Теперь Конни смотрела на свою ногу: она закинула ногу на ногу и покачивала мужским ботинком.
— Один из поваров как-то сказал мне — а он уже много лет там работал, — что можно избавить их от их злосчастья буквально за пару секунд, просто дав им слишком много еды. Они ведь не могут хорошо глотать, так что еда пойдет не в то горло и они просто потонут — или как там? — захлебнутся этим пюре из грэм-крекеров. Так что я стала давать ей ложку за ложкой, а она все смотрела на меня этими своими глазами, и я сказала: «Все будет хорошо, Дороти» — и погладила ее по лицу нежно, потому что как раз тогда я ее полюбила, Тайлер. Вы говорите, что то, что Адриан спас тому парню жизнь, — интимная штука. Только и наоборот — это тоже интимно. А потом — сразу — ее не стало. Со второй, Мэдж Любено, было иначе. Она немного поборолась, и от этого я почувствовала себя как-то очень странно. Так что я больше никогда уже этого не делала.
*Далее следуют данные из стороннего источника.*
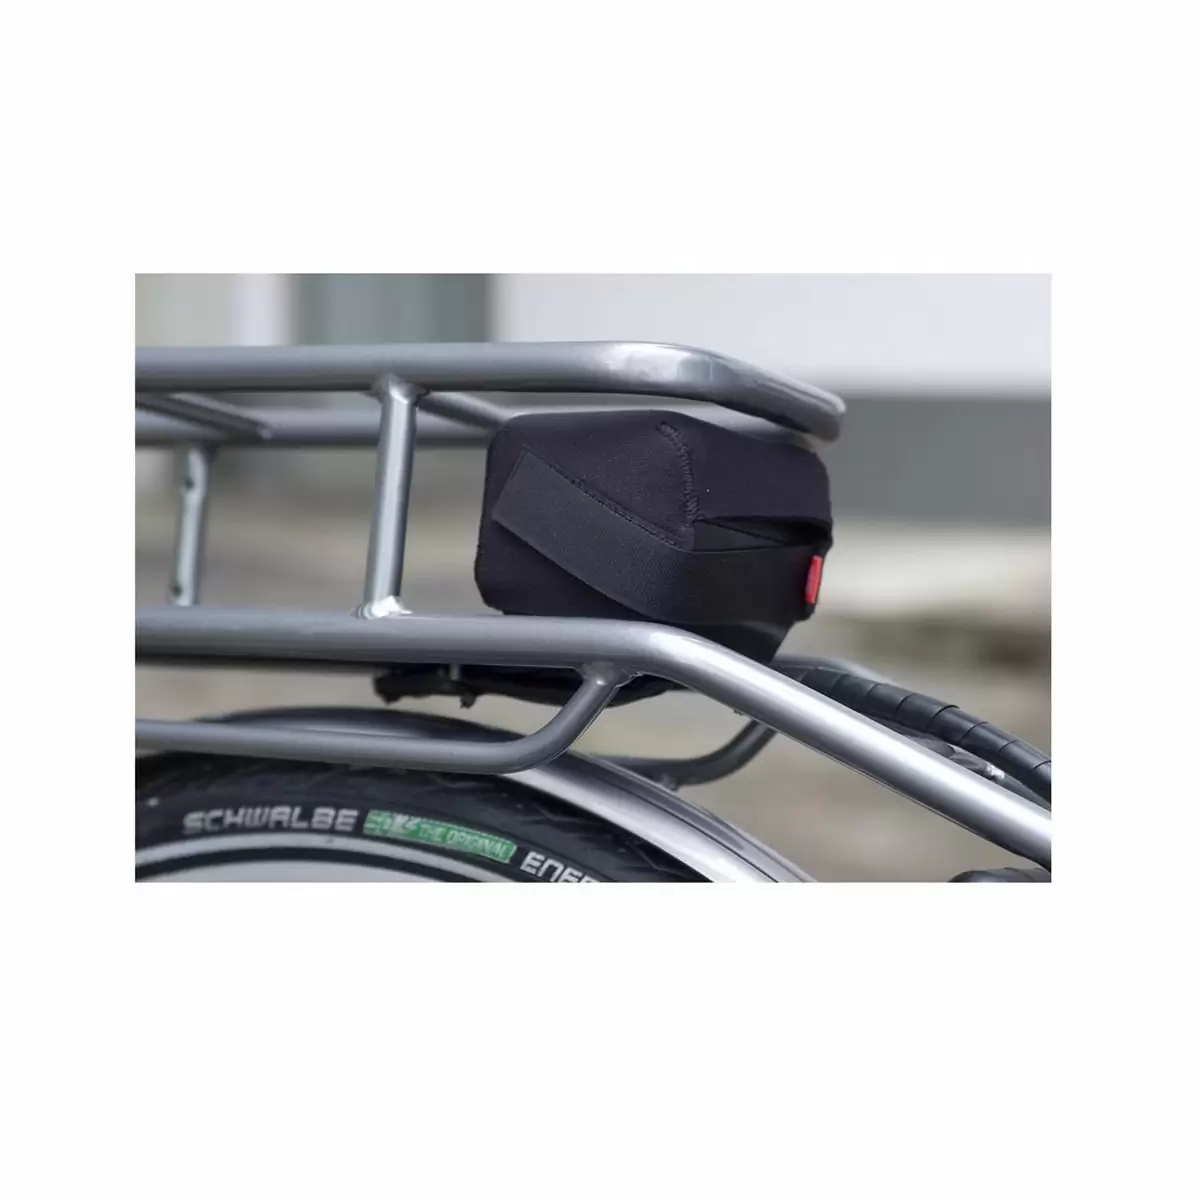 Cover di protezione contatti batteria al portapacchi taglia L / Bosch Yamaha Shimano - image

У Тайлера мороз охватил всю левую половину тела: половину спины, бедро, плечо и руку, словно волной на него нанесло стаю крохотных морских ежей.
— Конни, вы что, хотите сказать, что убили этих старых женщин?
Она кивнула, глядя на него в почти полной темноте с каким-то наивным, но несколько смущенным признанием правомерности содеянного.
И снова ощущение прокатившихся по всему телу морских ежей охватило Тайлера.
— Вы считаете, я поступила неправильно? — Она спрашивала так, словно эта мысль очень ее удивила.
— Да. Да, Конни. Я так считаю.
— Почему же? Если бы только вы могли их видеть…
— Я видел всякое.
— Ну да, — устало согласилась она. — Вы-то, конечно, видели.
Тайлер никак не мог избавиться от подиравшего по коже мороза. Он снял руку с плеч Конни.
— Думаю, они смогут доказать, что я сделала это нарочно, — сказала она. — Тогда я пропала — засадят на всю жизнь.
— Конни, полиция разыскивает вас из-за кражи.
— За кражу?! — Она посмотрела на него так, будто он произнес что-то безумное. — Я за всю свою жизнь ничего никогда не крала. На Окружной ферме воровала Джинни Хаусман. Она брала всякое разное у пациентов, как только они поступали туда, она работала на приеме и крала чеки в конторе тоже. Обожемой! Удивительно, как это они ее до сих пор не поймали? Какое-то время мы с ней дружили, а потом она мне совсем разонравилась. Тайлер, я ничего не крала.
— Я вам верю.
— А они мне поверят?
— Не знаю.
— Если они не знают про тех двух кормленок, мне надо им сказать? Это ведь преступление, я думаю?
— Да, Конни. Это преступление.
Она отодвинулась от него и посмотрела так, будто хотела всего его охватить взглядом:
— Теперь вы по-другому ко мне станете относиться?
— Конни, вам необходима помощь.
— Но я же вам в тот день сказала.
— Что вы мне сказали?
— Я вам тогда сказала про Бекки и про то, как она от ребенка своего избавилась.
— Да.
Сердце Тайлера забилось быстрее.
— А вы ответили: «Ох, да мы все грешники». Что-то вроде этого.
— Да, но, Конни…
— А теперь вы считаете меня убийцей и смотрите на меня совсем по-другому, даже когда я говорю, что моя сестра сделала то же самое.
— Конни, это вовсе не то же самое.
— Как же так?
— Конни, послушайте. Давайте поедем найдем тех, кто сможет вам помочь.
— Вы хотите сдать меня полиции? У ребенка Бекки вся жизнь была впереди, а жизнь этих старух уже кончилась.
— Но сами-то они еще не кончились.
— Ну, Тайлер, вы меня совсем запутали. Вы правда собираетесь меня сдать?
— Вы можете оставаться тут, в церкви, пока мы решим, что нам делать, — сказал он. И добавил: — Вы же в шоке. — Но в шоке был он сам. Он поднялся со скамьи. — Вы нуждаетесь в помощи. Я поеду привезу Адриана.
Конни, рыдая, опустила голову. Тайлер снова сел на скамью. Но теперь Конни стала ему по-настоящему страшна.